Institute of Biomedical Engineering, Chinese Academy of Medical Sciences & Peking Union Medical College, Tianjin, China.
Engineering Research Center of Pulmonary and Critical Care Medicine Technology and Device Ministry of Education, Chinese Academy of Medical Sciences & Peking Union Medical College, Tianjin, China.
Sci Rep. 2024 Apr 16;14(1):8731. doi: 10.1038/s41598-024-59474-w.

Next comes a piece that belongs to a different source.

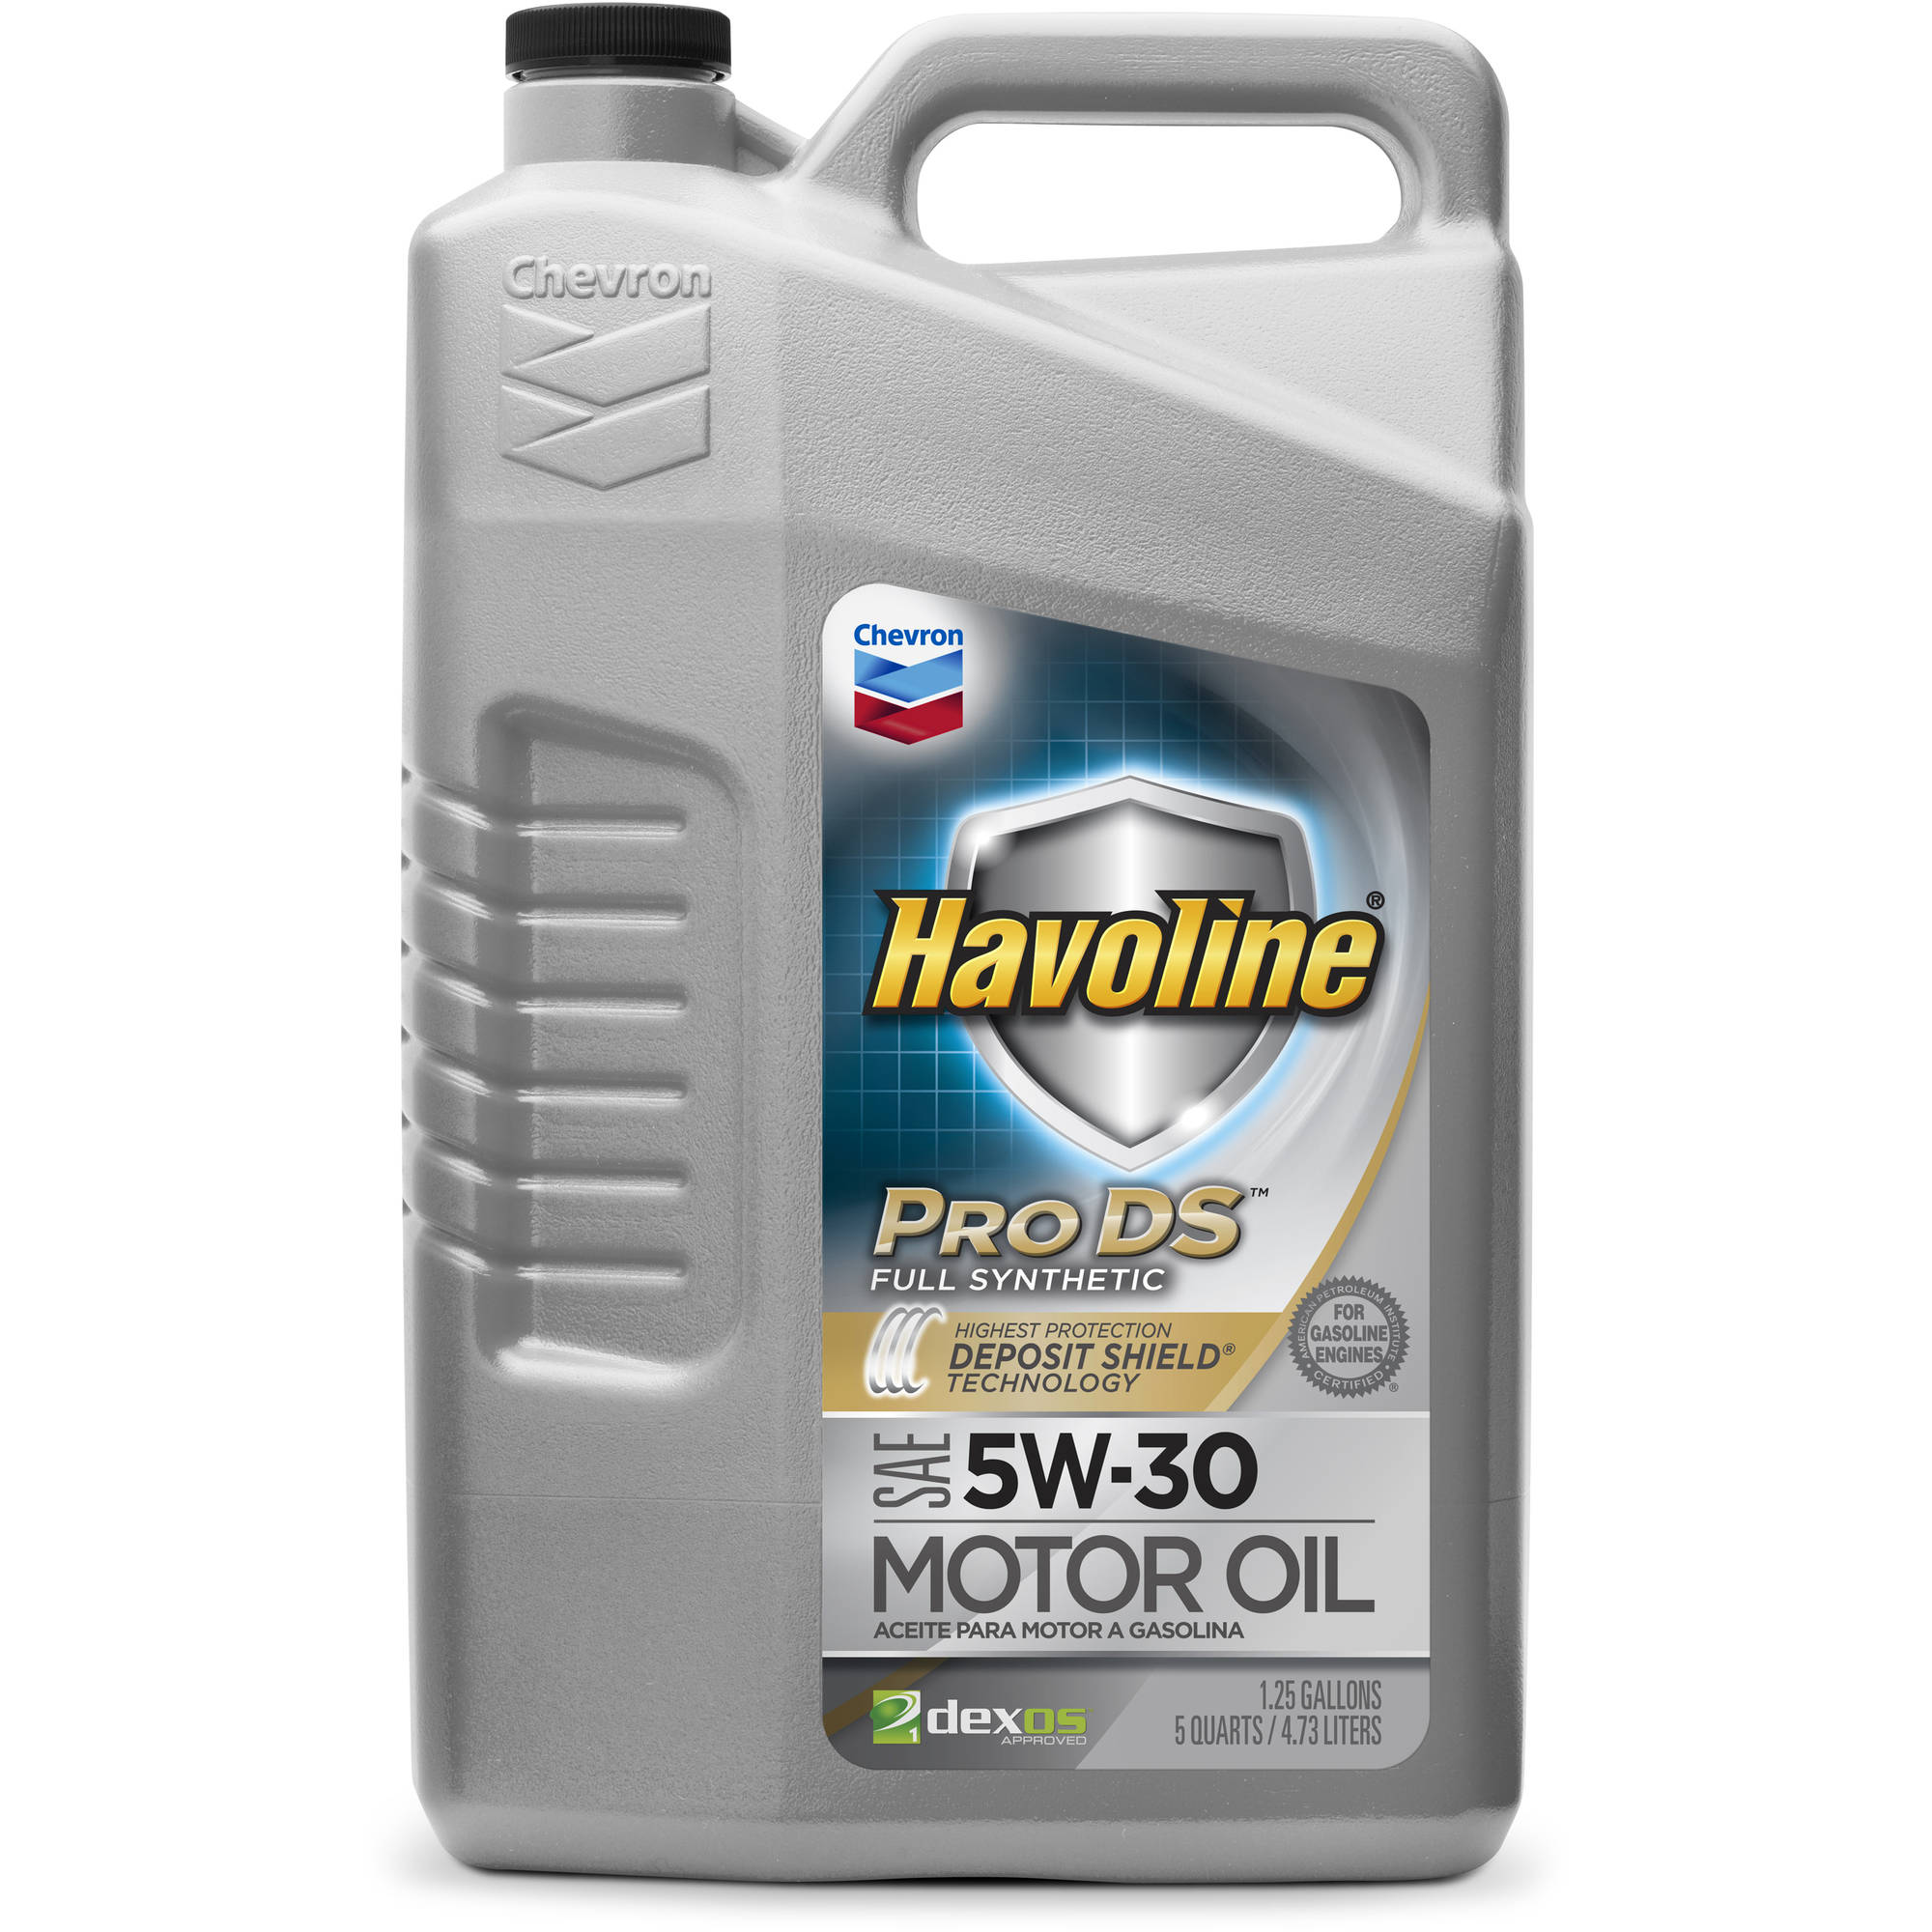 Chevron Havoline Pro-DS Synthetic Motor Oil 5W-30, 5 quart - image 3 of 7

Early diagnosis of lung cancer (LC) can significantly reduce its mortality rate. Considering the limitations of the high false positive rate and reliance on radiologists' experience in computed tomography (CT)-based diagnosis, a multi-modal early LC screening model that combines radiology with other non-invasive, rapid detection methods is warranted. A high-resolution, multi-modal, and low-differentiation LC screening strategy named ensemble text and breath analysis (ETBA) is proposed that ensembles radiology report text analysis and breath analysis. In total, 231 samples (140 LC patients and 91 benign lesions [BL] patients) were screened using proton transfer reaction-time of flight-mass spectrometry and CT screening. Participants were randomly assigned to a training set and a validation set (4:1) with stratification. The report section of the radiology reports was used to train a text analysis (TA) model with a natural language processing algorithm. Twenty-two volatile organic compounds (VOCs) in the exhaled breath and the prediction results of the TA model were used as predictors to develop the ETBA model using an extreme gradient boosting algorithm. A breath analysis model was developed based on the 22 VOCs. The BA and TA models were compared with the ETBA model. The ETBA model achieved a sensitivity of 94.3%, a specificity of 77.3%, and an accuracy of 87.7% with the validation set. The radiologist diagnosis performance with the validation set had a sensitivity of 74.3%, a specificity of 59.1%, and an accuracy of 68.1%. High sensitivity and specificity were obtained by the ETBA model compared with radiologist diagnosis. The ETBA model has the potential to provide sensitivity and specificity in CT screening of LC. This approach is rapid, non-invasive, multi-dimensional, and accurate for LC and BL diagnosis.
早期诊断肺癌(LC)可以显著降低其死亡率。考虑到基于计算机断层扫描(CT)的诊断中假阳性率高和依赖放射科医生经验的局限性,有必要结合放射学与其他非侵入性、快速检测方法建立多模态早期 LC 筛查模型。提出了一种名为集成文本和呼吸分析(ETBA)的高分辨率、多模态和低分化 LC 筛查策略,它集成了放射学报告文本分析和呼吸分析。使用质子转移反应-飞行时间-质谱和 CT 筛查共对 231 个样本(140 例 LC 患者和 91 例良性病变[BL]患者)进行了筛选。参与者通过分层随机分配到训练集和验证集(4:1)。利用自然语言处理算法对放射学报告的报告部分进行训练,以建立文本分析(TA)模型。将 22 种呼出气中的挥发性有机化合物(VOC)和 TA 模型的预测结果作为预测因子,利用极端梯度增强算法开发 ETBA 模型。基于 22 种 VOC 建立了呼吸分析模型。比较了 BA 和 TA 模型与 ETBA 模型。ETBA 模型在验证集上的灵敏度为 94.3%,特异性为 77.3%,准确性为 87.7%。验证集上的放射科医生诊断性能的灵敏度为 74.3%,特异性为 59.1%,准确性为 68.1%。与放射科医生诊断相比,ETBA 模型具有较高的灵敏度和特异性。ETBA 模型有可能在 LC 的 CT 筛查中提供灵敏度和特异性。这种方法快速、非侵入性、多维且对 LC 和 BL 的诊断准确。